As stated above, OSHA’s guidance provides that the employer does not need to record the COVID-19 illness, if after conducting a reasonable and good-faith inquiry, the employer cannot determine whether it is more likely than not that exposure in the workplace caused a case of COVID-19. Thus, based on the guidance language itself, where the employer has recorded the illness on an OSHA 300 Log, it has presumably determined work-relatedness outweighs non-work relatedness.

Such evidence would be crucial in a state like Rhode Island, for example, where employees would have to show to a reasonable degree of certainty that the condition was likely the result of workplace exposure for a workers’ compensation claim to be compensable. That said, even if you made the determination that it was more likely than not that exposure in the workplace caused a case of COVID-19, in workers’ compensation (or other cases), you should highlight the fact of the risks of contraction is anywhere, including detailing the “community spread” of COVID-19.

What Can You Do to Minimize the Impact of a COVID-19 Work-Related Determination?

You should conduct robust investigations of each employee’s COVID-19 case to determine it is more likely than not that employee contracted the virus at work. Exercising due diligence by taking the following steps will be beneficial in case you need to refute any claim or presumption of work-relatedness arising from a workers’ compensation claim.

  1. Thoroughly investigate each COVID-19 case in your workplace to determine if it is work-related. In assessing work-relatedness, you should:
    • ask the employee how they believe they contracted the COVID-19 illness;
    • while respecting employee privacy, discuss with the employee their work and out-of-work activities that may have led to the COVID-19 illness; and
    • review the employee’s work environment for potential SARS-CoV-2 exposure. According to OSHA, an employee’s COVID-19 illness is likely not work-related if they, outside the workplace, closely and frequently associate with someone (e.g., a family member, significant other, or close friend) who (1) has COVID-19; (2) is not a coworker, and (3) exposes the employee during the period in which the individual is likely infectious;
  2. You should only record cases on the OSHA 300 Log if, after conducting the investigation, these factors weigh in favor of a work-related finding. In doing so, you should understand the potential ramifications of such finding.
  3. Even if you determined previously it was more likely than not that exposure in the workplace caused a case of COVID-19 previously, in workers’ compensation (or other cases), you should continue to explore and highlight the fact that the risk of contraction is anywhere. This would include noting the prevalence of “community spread” of COVID-19 when the employee contracted the virus and providing any additional or new information gathered since making the initial work-related determination; and
  4. Update your OSHA 300 logs to remove non work-related cases. Under OSHA’s 300 log retention regulations, you must update your 300 logs for a period of five years. If the description or outcome of a case changes, you need to remove or line out the original entry and enter the new information. Thus, if you later learn a previously recorded COVID-19 was not actually work-related, you can strike through that entry on your OSHA 300 log.

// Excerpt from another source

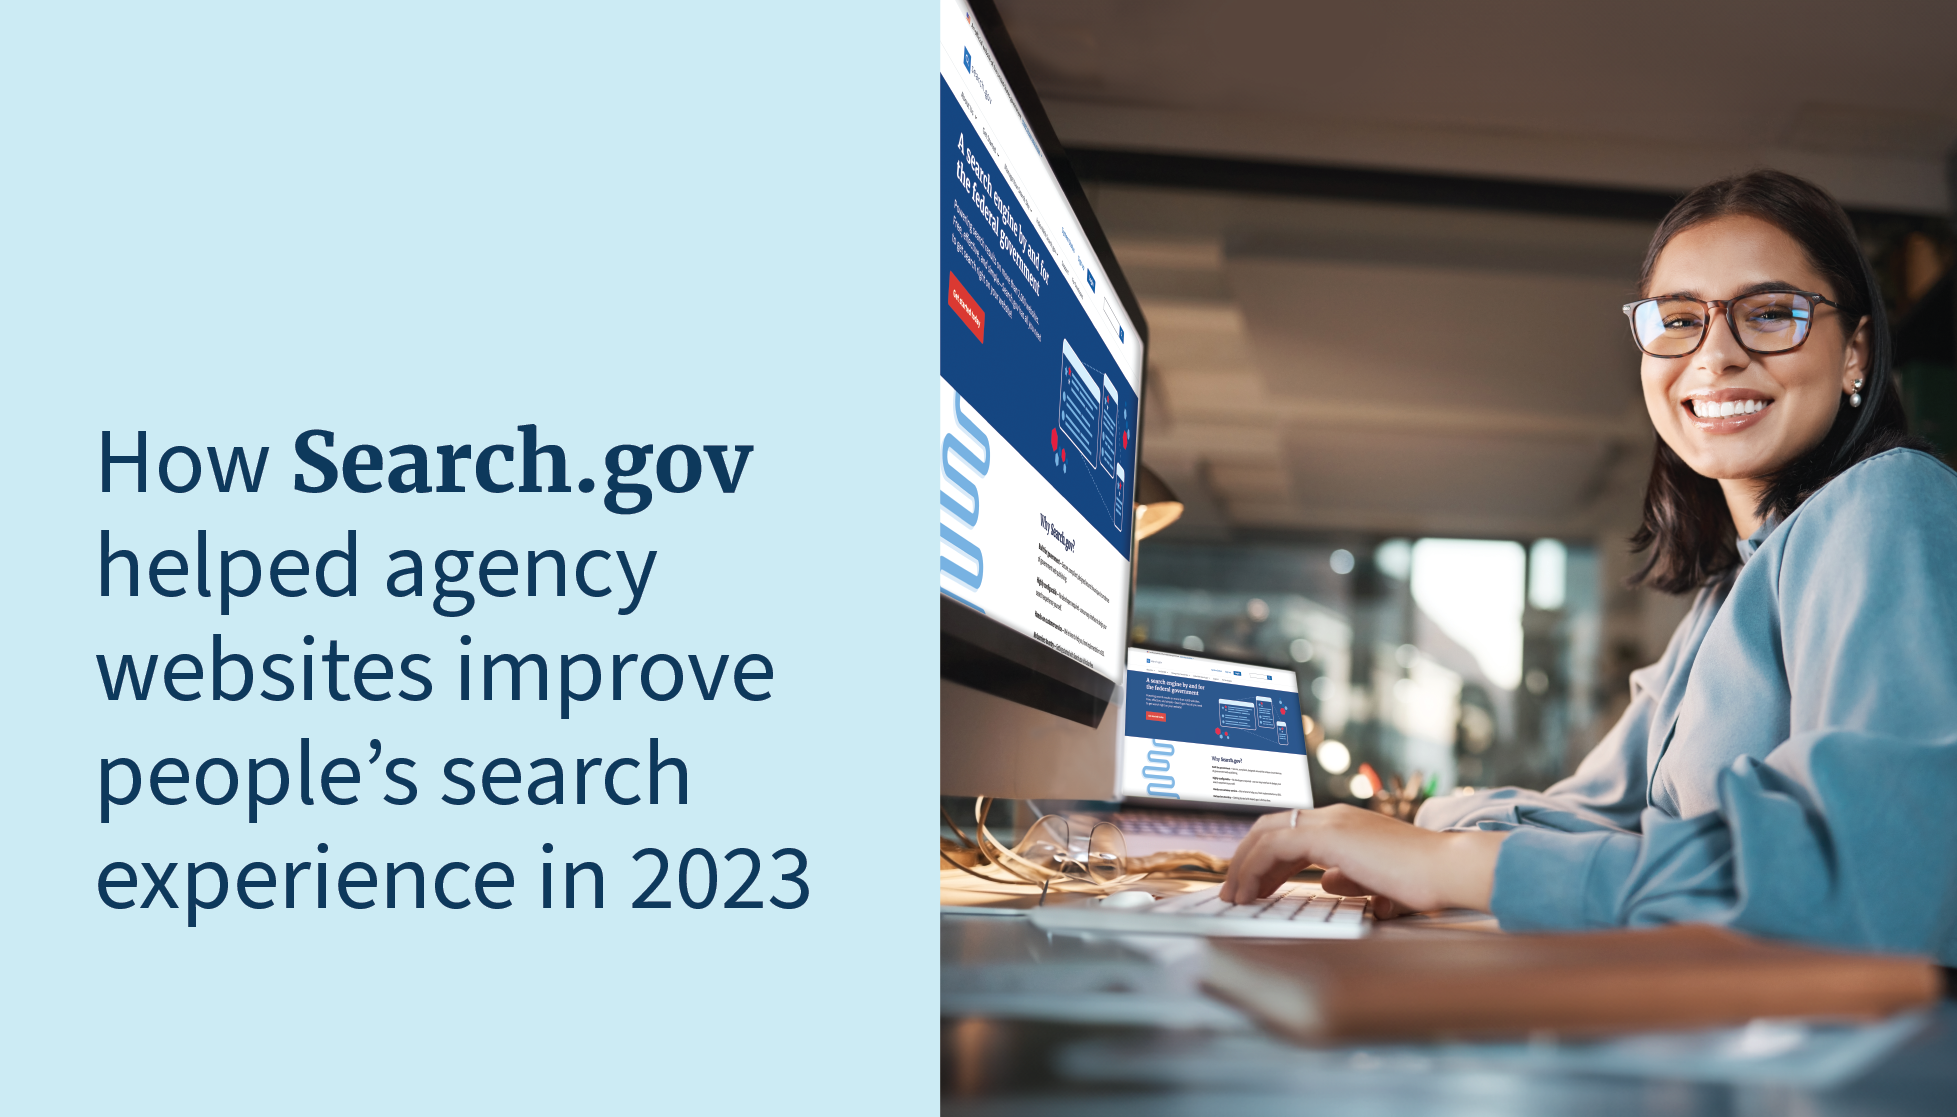 The title "How Search.gov helped agency websites improve people's search experience" next to a woman smiling at her computer logged into Search.gov.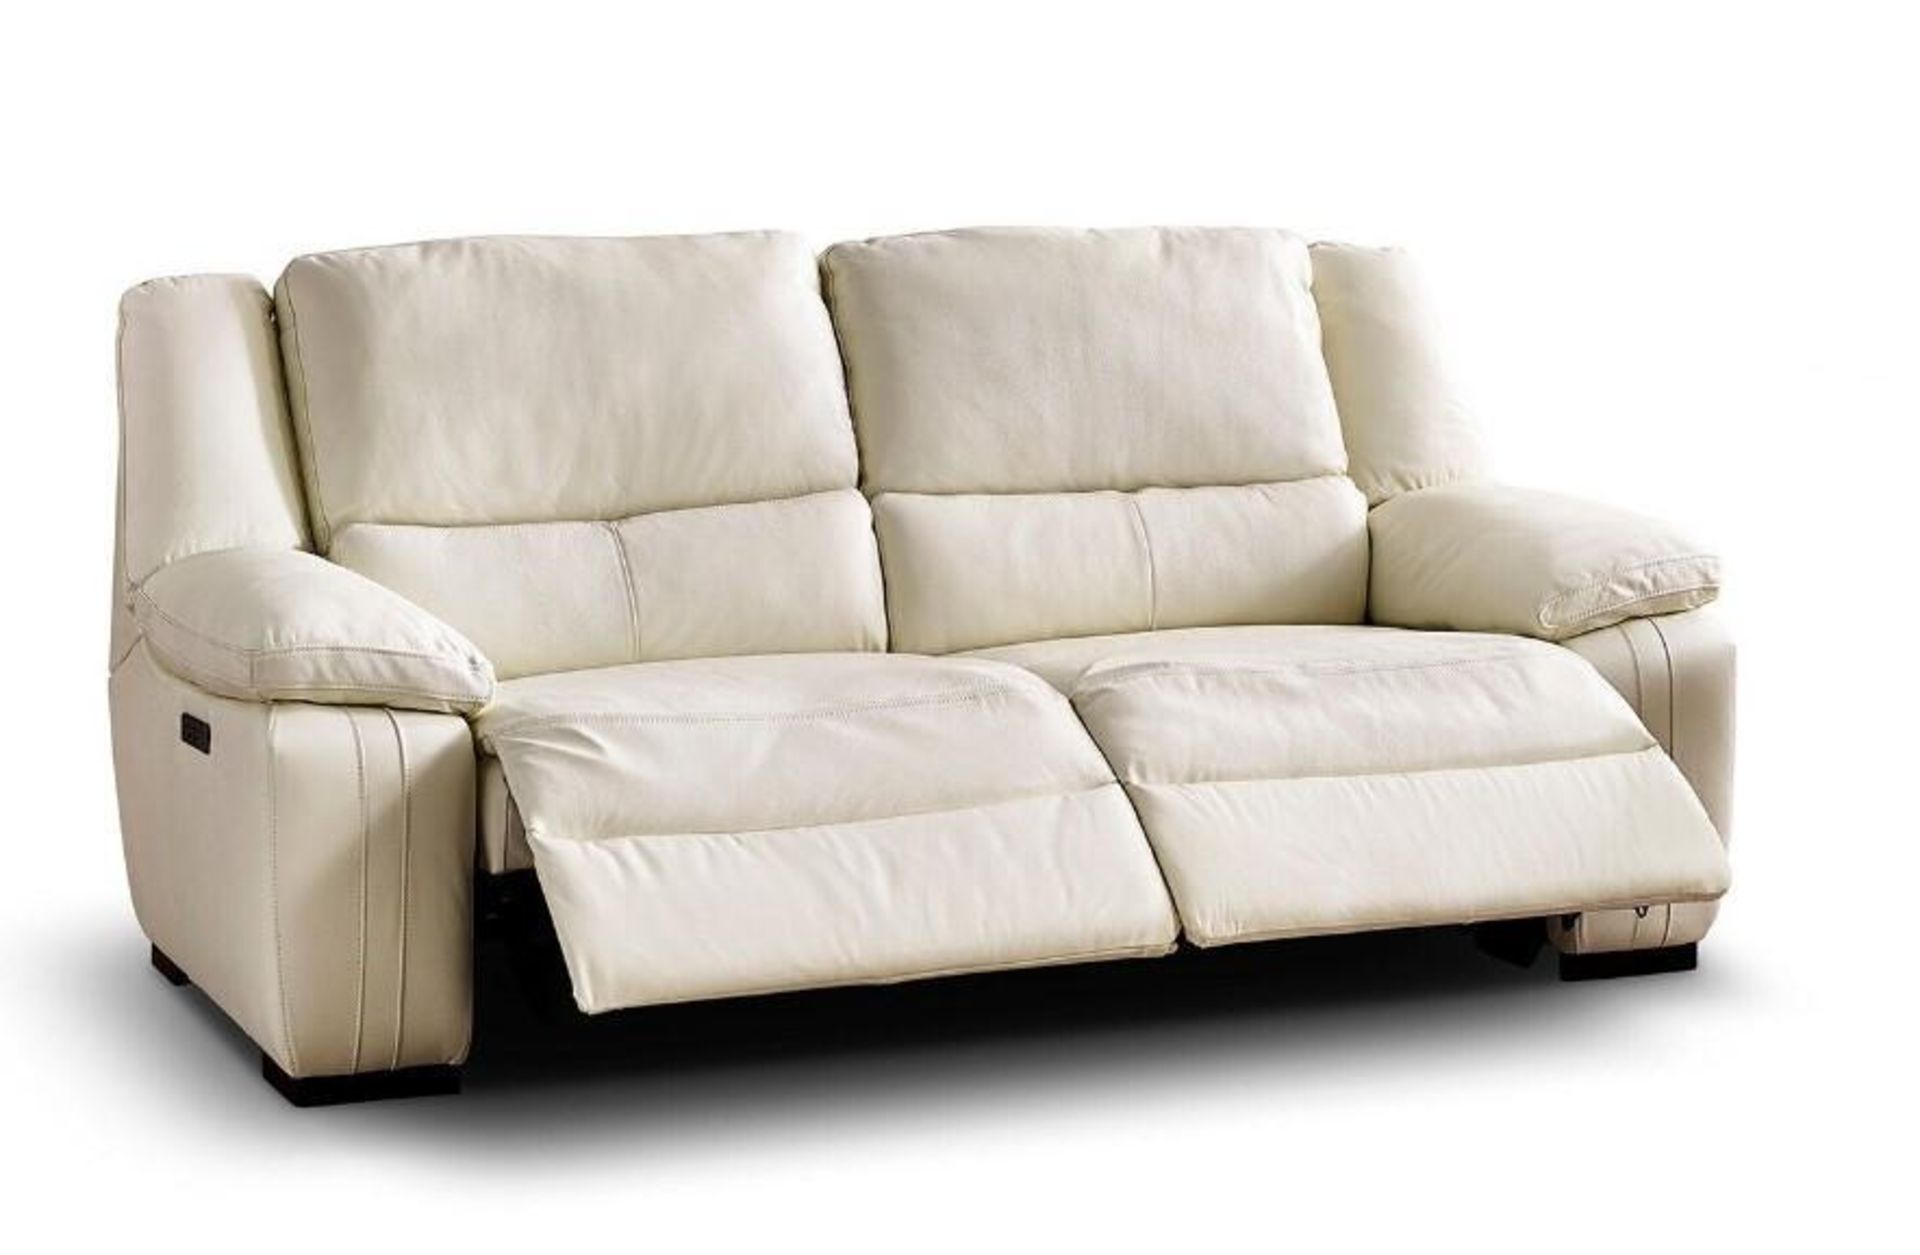 Brand new and boxed SCS Fallon 3 seater electric reclining sofa in Cream. - Image 7 of 7

COVID-19 cases recorded on OSHA 300 logs may not definitively indicate whether an employee is entitled to workers’ compensation, but the 300 logs can be used as evidence to support a work-related determination. This is especially significant in states where legal presumptions for COVID-19 have been made. 

While respecting employee privacy, you should thoroughly examine exposure in the workplace and explore and highlight the risks of contraction anywhere.